I’m returning to this way of painting because it’s the essential stuff that pulls me to the studio. The possibility of what will happen. The potential breakthrough in technique or found texture.

I’m happy to return to basics, even taking a painting class this week and checking out some painting and color mixing books at the library.

After pouring so much energy into building my art business, and doing commissions and client work, it feels really right to be drawn into the studio. I want to push my practice and discover new territory.

This shift I’ve been feeling isn’t without pain. Change is hard. It’s hard to head into the unknown. How will my paintings evolve? What will the next series explore? How can my work evolve while still being recognizably mine?

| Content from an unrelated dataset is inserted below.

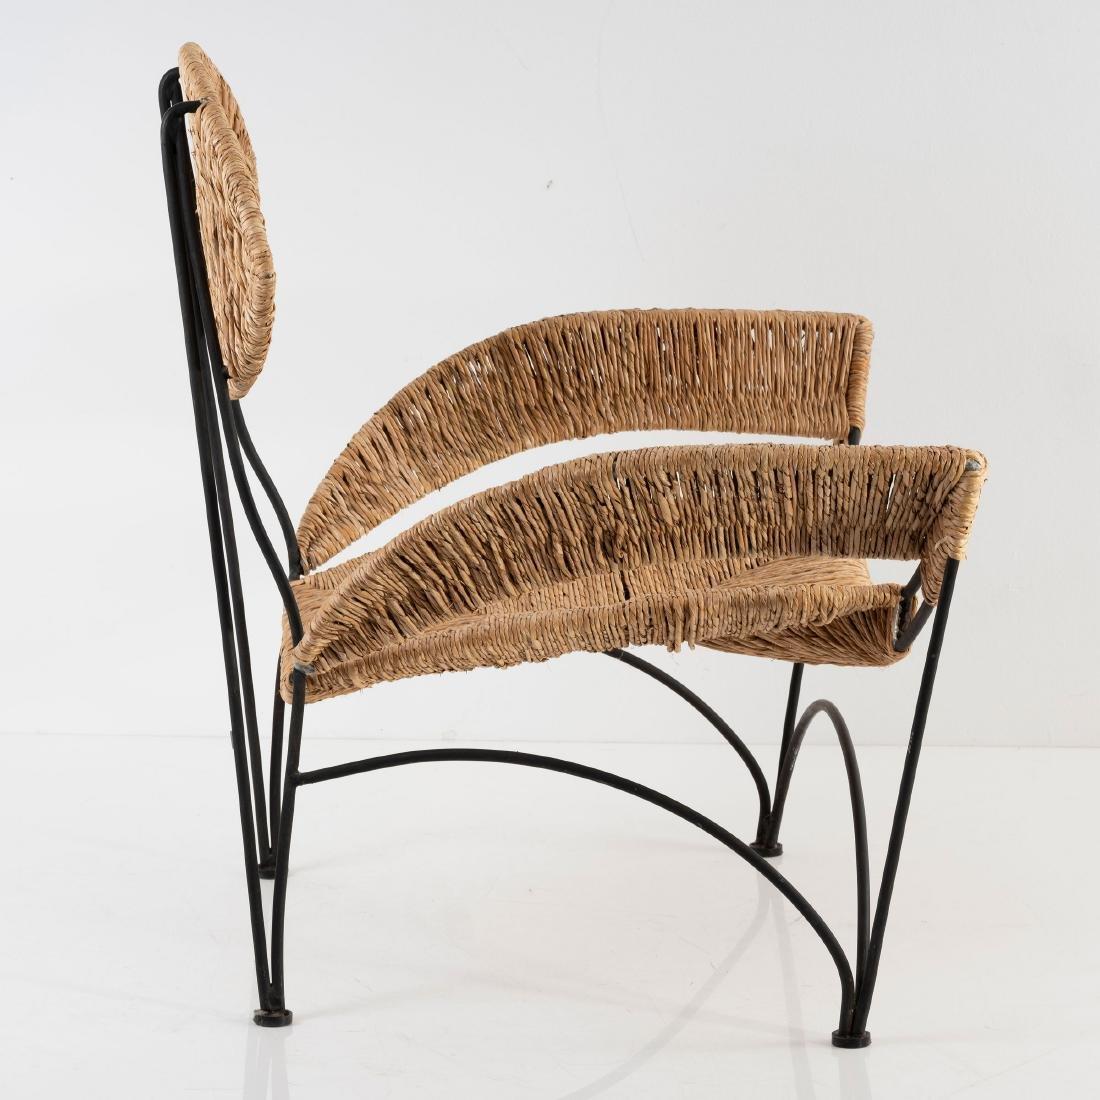 'Banana chair', 1988 - 4

Some culture consumption this week to foster this shift…

Reading M Train…the always brilliant stream of consciousness writing by Patti Smith forces me to ask deeper questions, and always be observing.

Listening to Ryan Holiday’s Stillness is the Key on audible…learning this stoic philosophy on stillness, meditation, breathing and letting go. It’s a pep talk on how to sloooow down. These days with three children, any method of self care that also helps hack time is GOLD.

I’m studying the techniques of Helen Frankenthaler and trying to achieve a freer execution on canvas…loosening up.

I’m excited, (a little scared), and ready for a change.